◆ PROBLEM TO SOLVE
Can you copy out the data exactly? Leave the images out.

◆ DATA SECTION
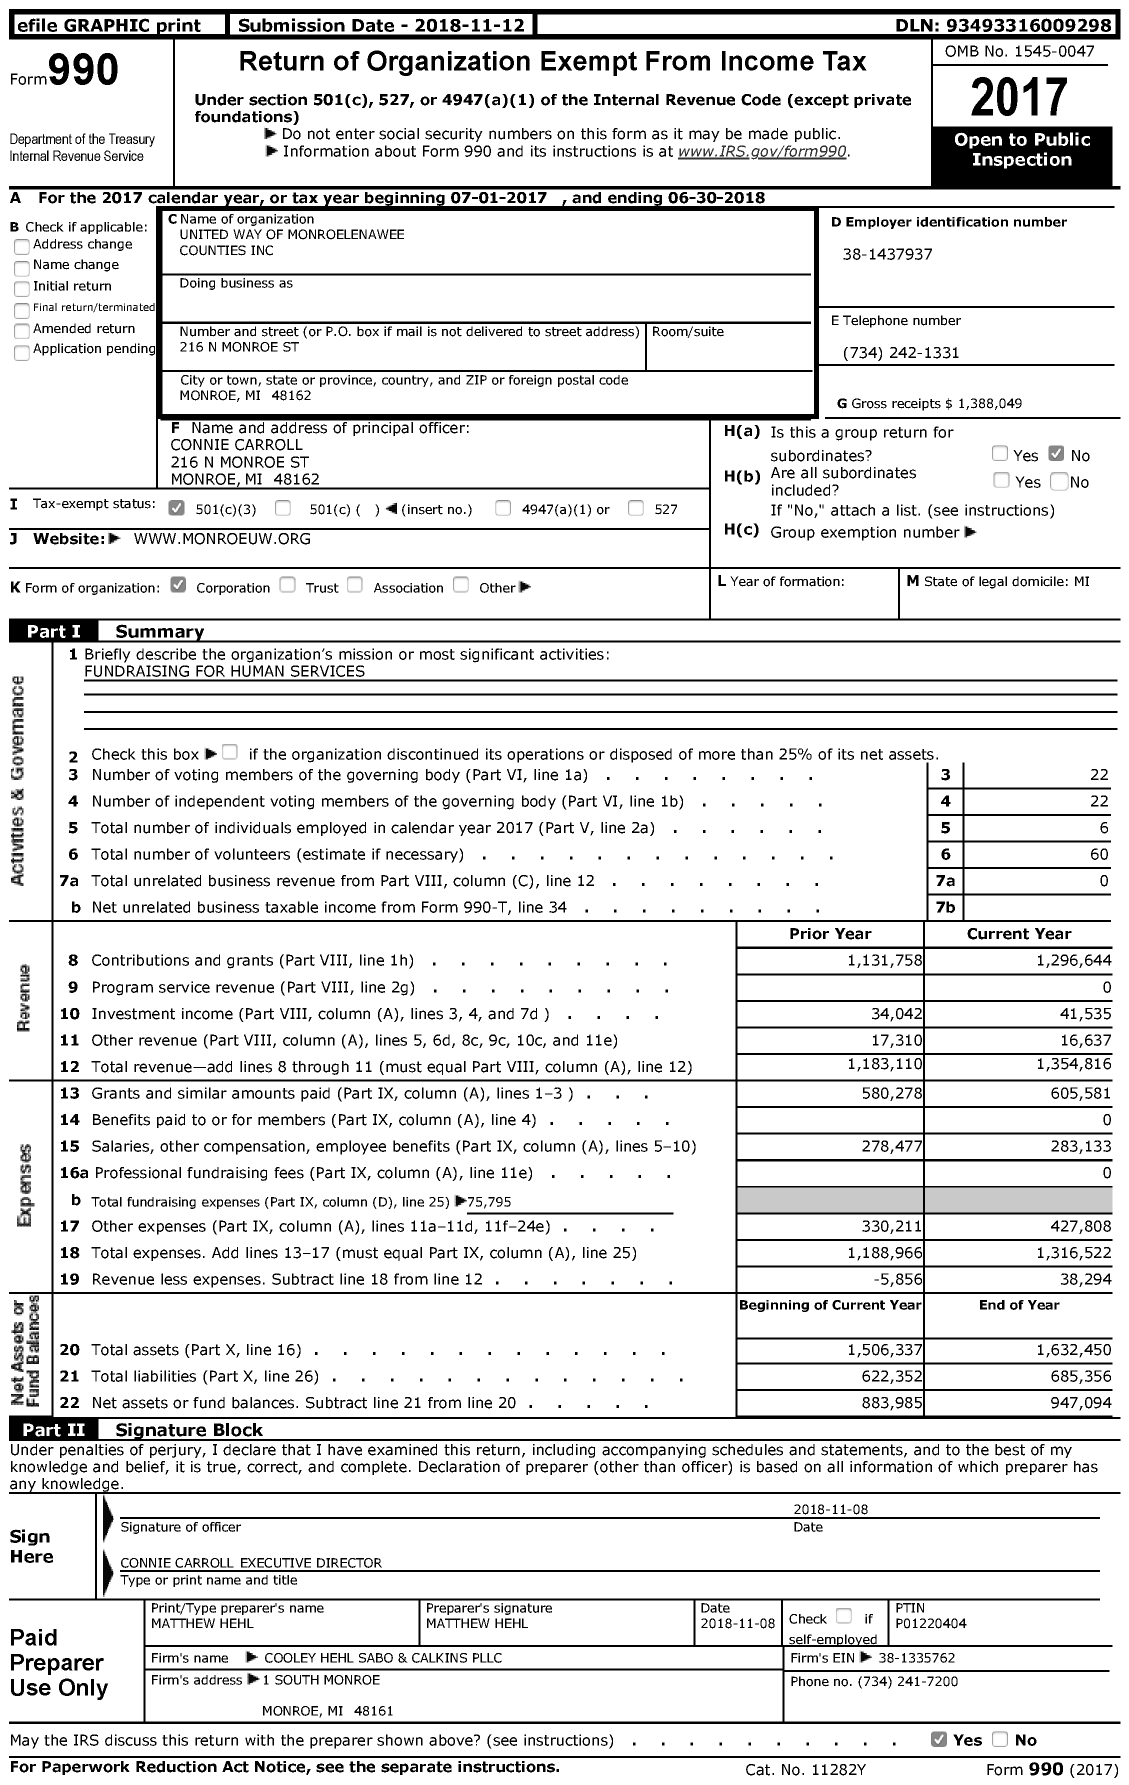 Image of first page of 2017 Form 990 for United Way of Monroelenawee Counties
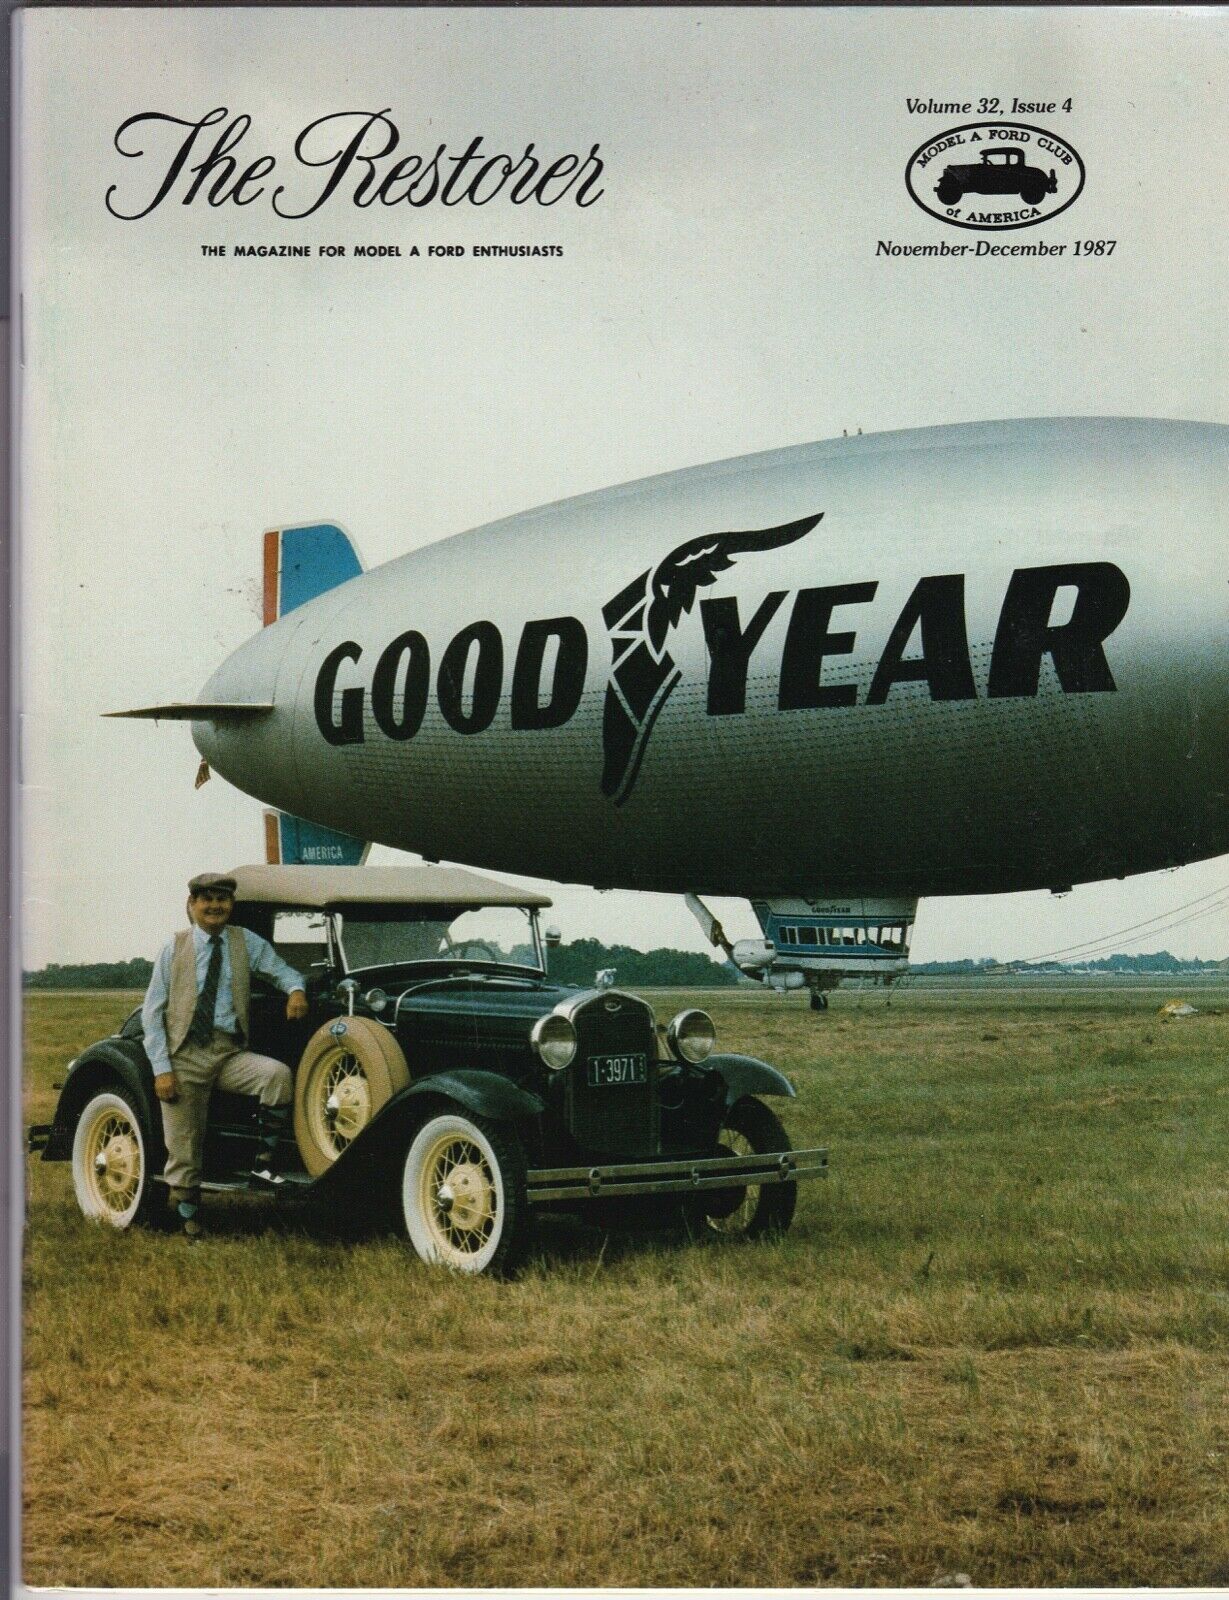 1931 DELUXE ROADSTER GOODYEAR BLIMP - THE RESTORE CAR MAGAZINE, SPACE SHUTTLE 
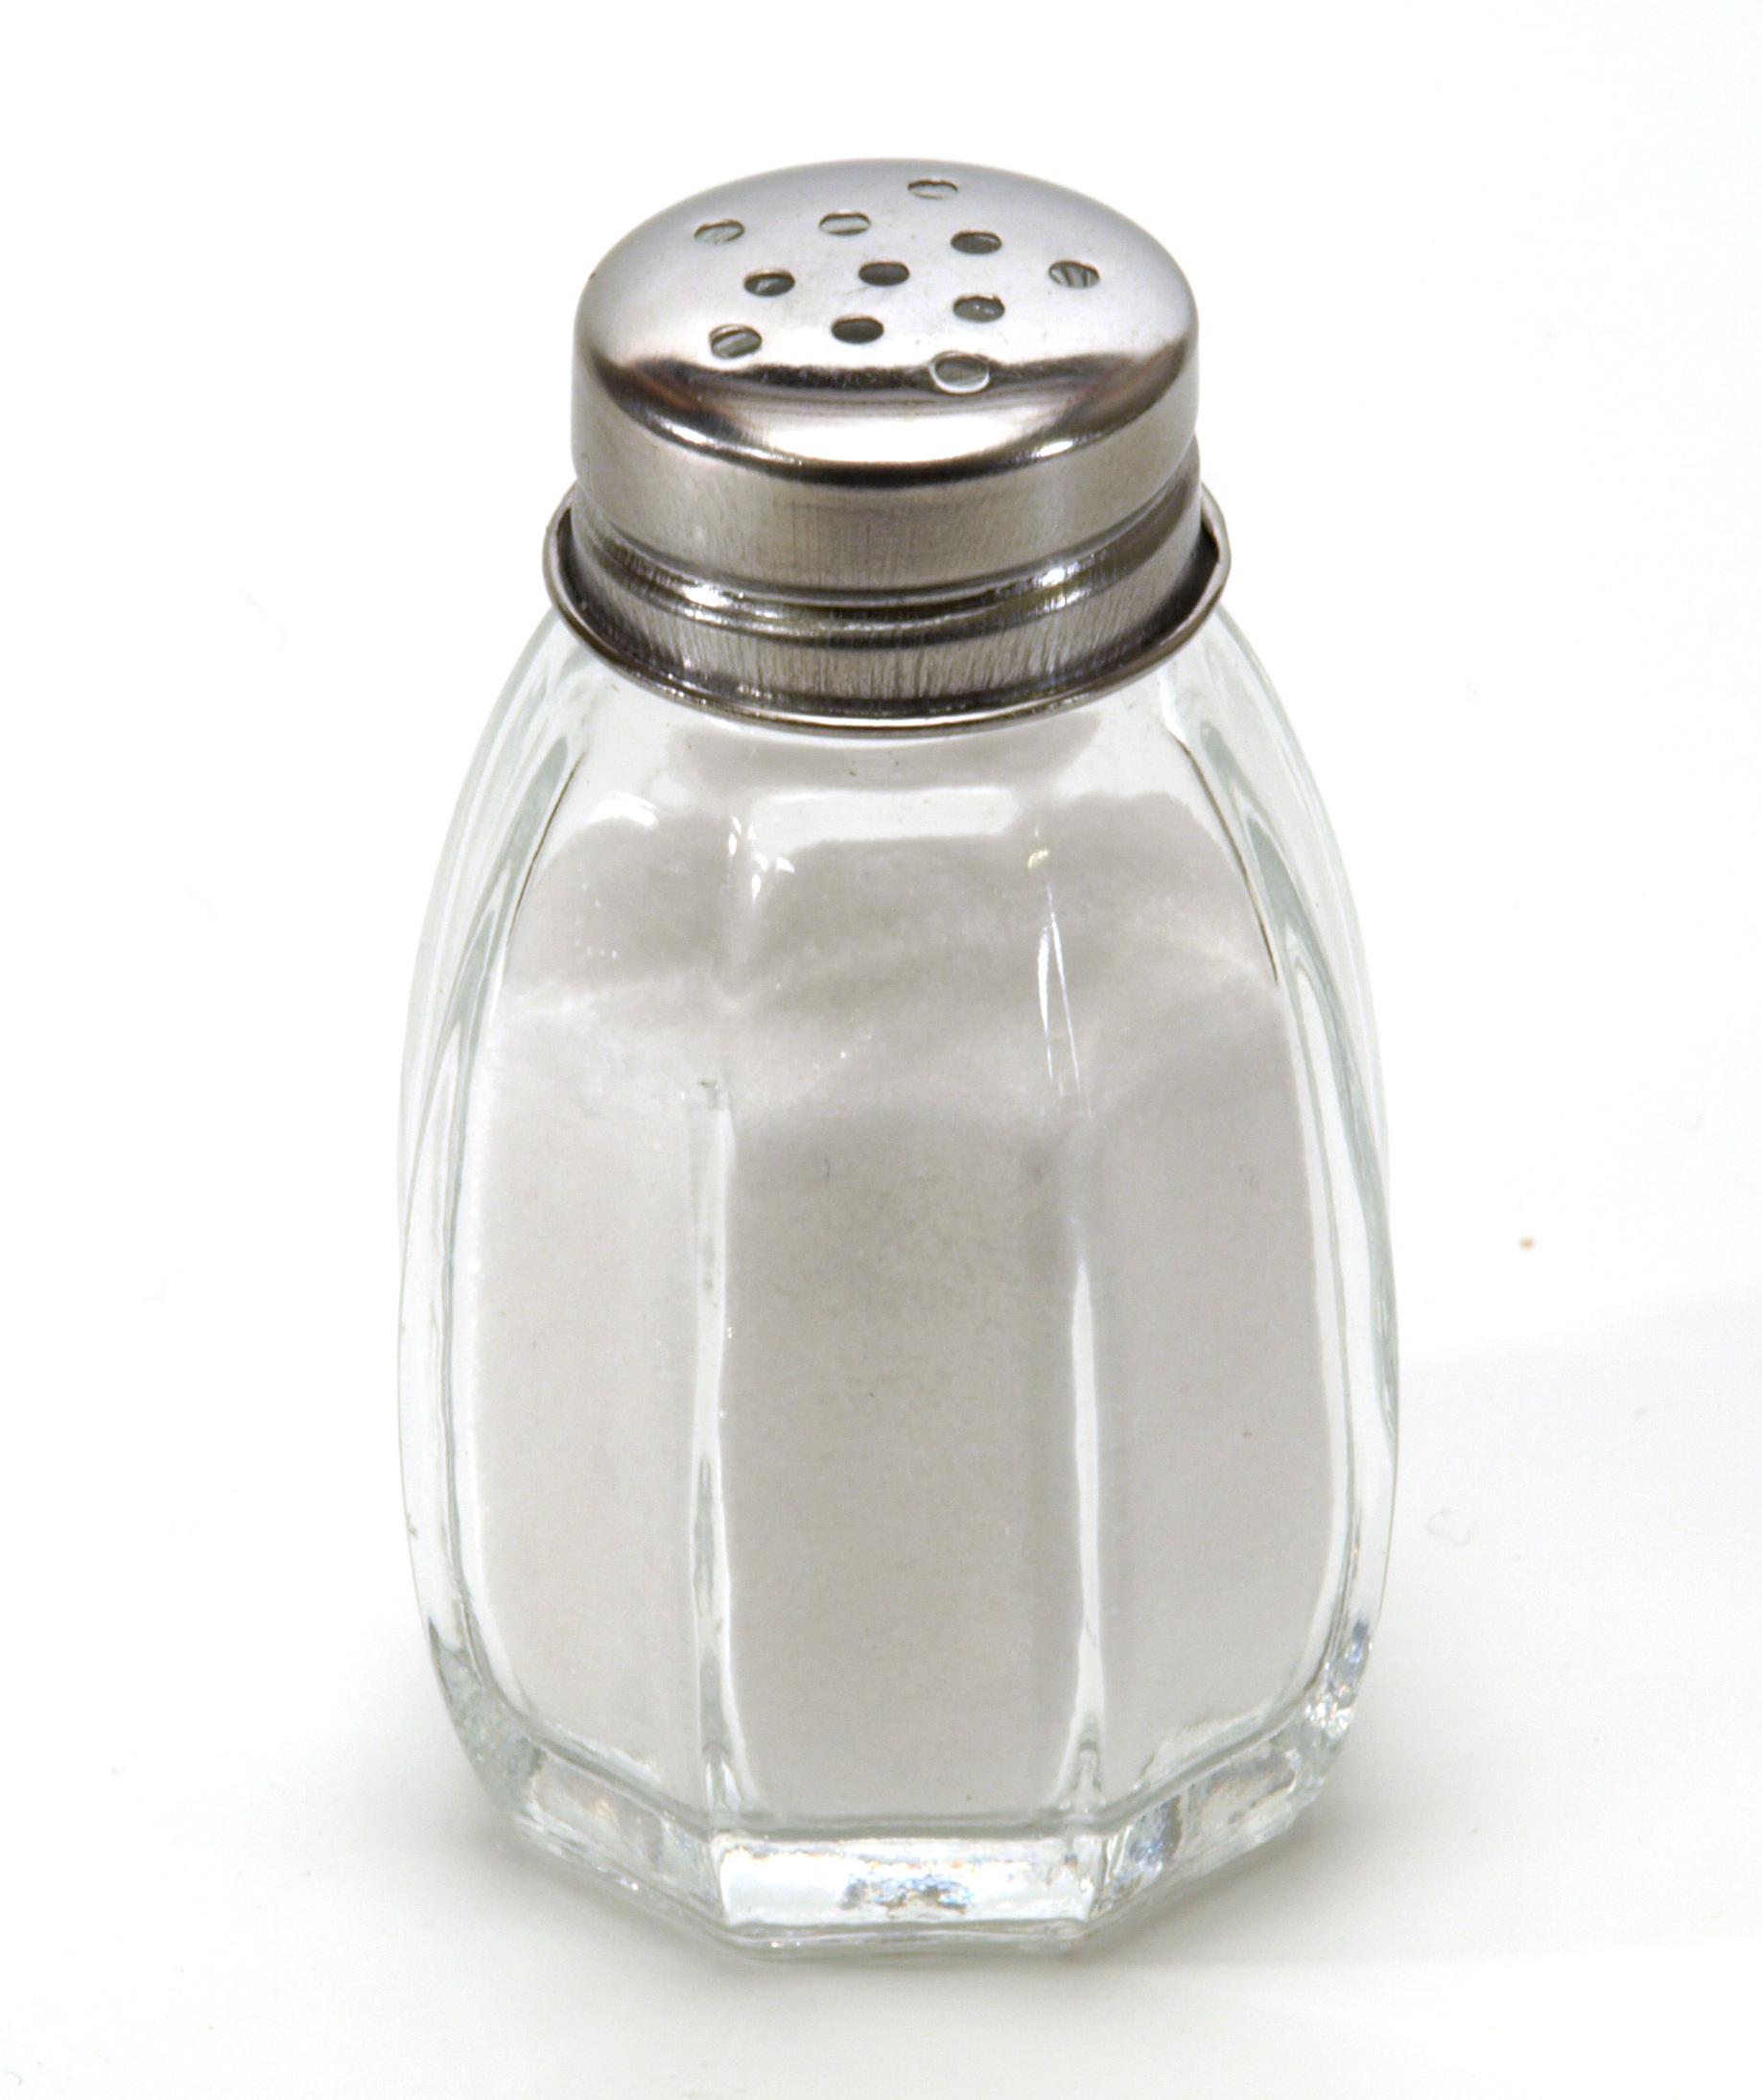 a glass salt shaker with a metal top photographed on a white background.

◆ ANSWER TO THIS EXERCISE
 Image of first page of 2017 Form 990 for United Way of Monroelenawee Counties
 1931 DELUXE ROADSTER GOODYEAR BLIMP - THE RESTORE CAR MAGAZINE, SPACE SHUTTLE 
 a glass salt shaker with a metal top photographed on a white background.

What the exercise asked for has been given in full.